The final night of my tour for Pastoral culminated in a performance at a cinema in Walthamstow called Mirth, Marvel and Maud. As soon as I walked into the building, I felt an overwhelming sense of pressure change. I instantly felt anxious and strange. There was a staff member setting up, so I asked, “Is this place haunted?” They looked at me a little taken aback.
I had been struggling with postnatal depression from the birth of my first child in 2016 and had recurring dreams about a ghost that would possess me and levitate my body violently. After that gig in Walthamstow, I was chatting with my friend Alexander Tucker, also known as Microcorps, who was telling me a ghost story completely randomly. It was then that I realized the connection between all these feelings and anxieties and thoughts – my next album would be something to do with ghosts.

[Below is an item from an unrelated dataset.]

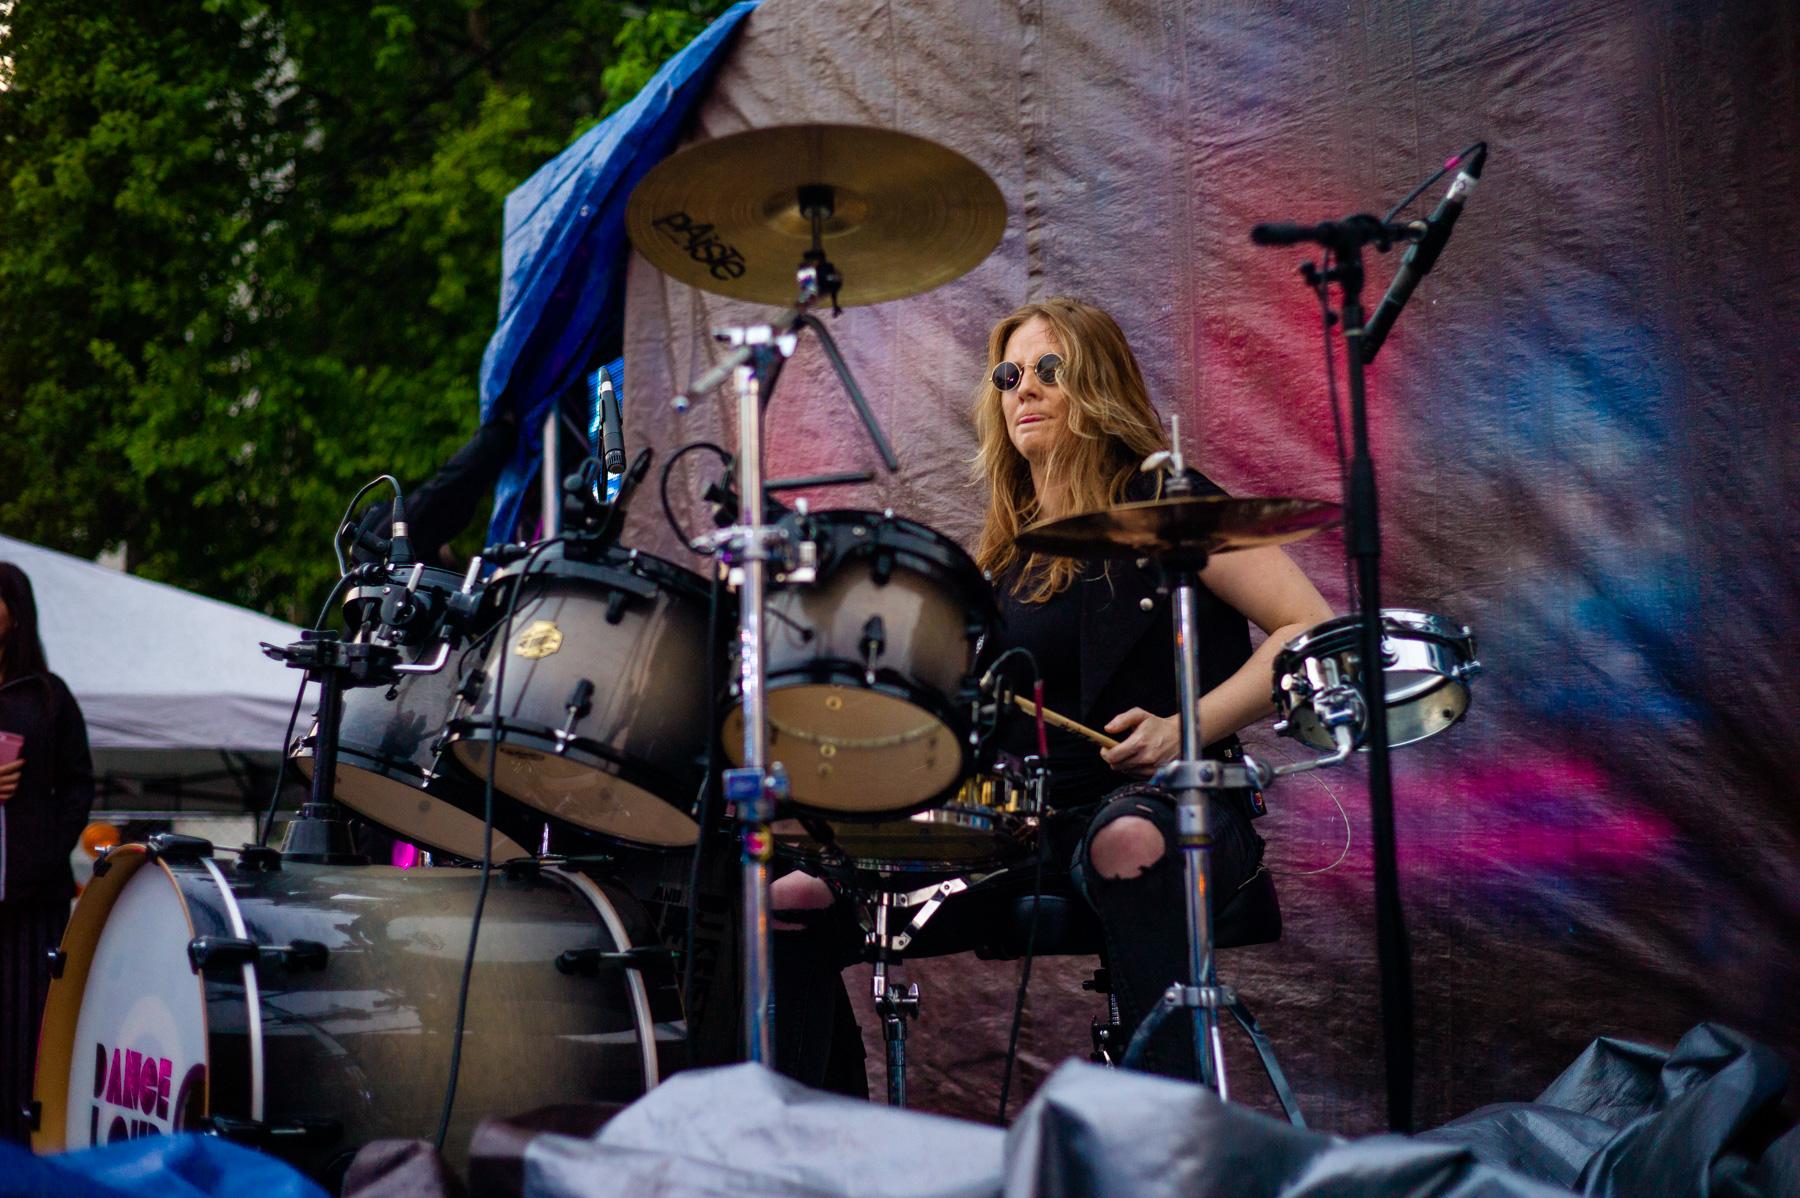 Badass girl drummer solo onstage

I began researching the technology of ghost-hunting and discovered many connections between the development of audio technology and the spiritualist movement. From there, there’s a whole genetic pathway of music going through people like Delia Derbyshire, Daphne Oram, and the Radiophonic Workshop – those kinds of sounds and machines that have a heritage in something supernatural. Even the women’s rights movement was influenced by early spiritualism because of the role women played in spiritualism. The movement gave women a platform and power that I could relate to – the power of transfiguration; the ability to freely go into another place, whether it was a spirit world or a recessive place within themselves where they could scream and be crazy. Where else could they have done that in that era?
What ended up coming out on Black Dog was an emotional response – an excavation of my own fears and lifelong psychological state. But to make the initial connection between technology, women’s rights, and ghosts? It blew my mind!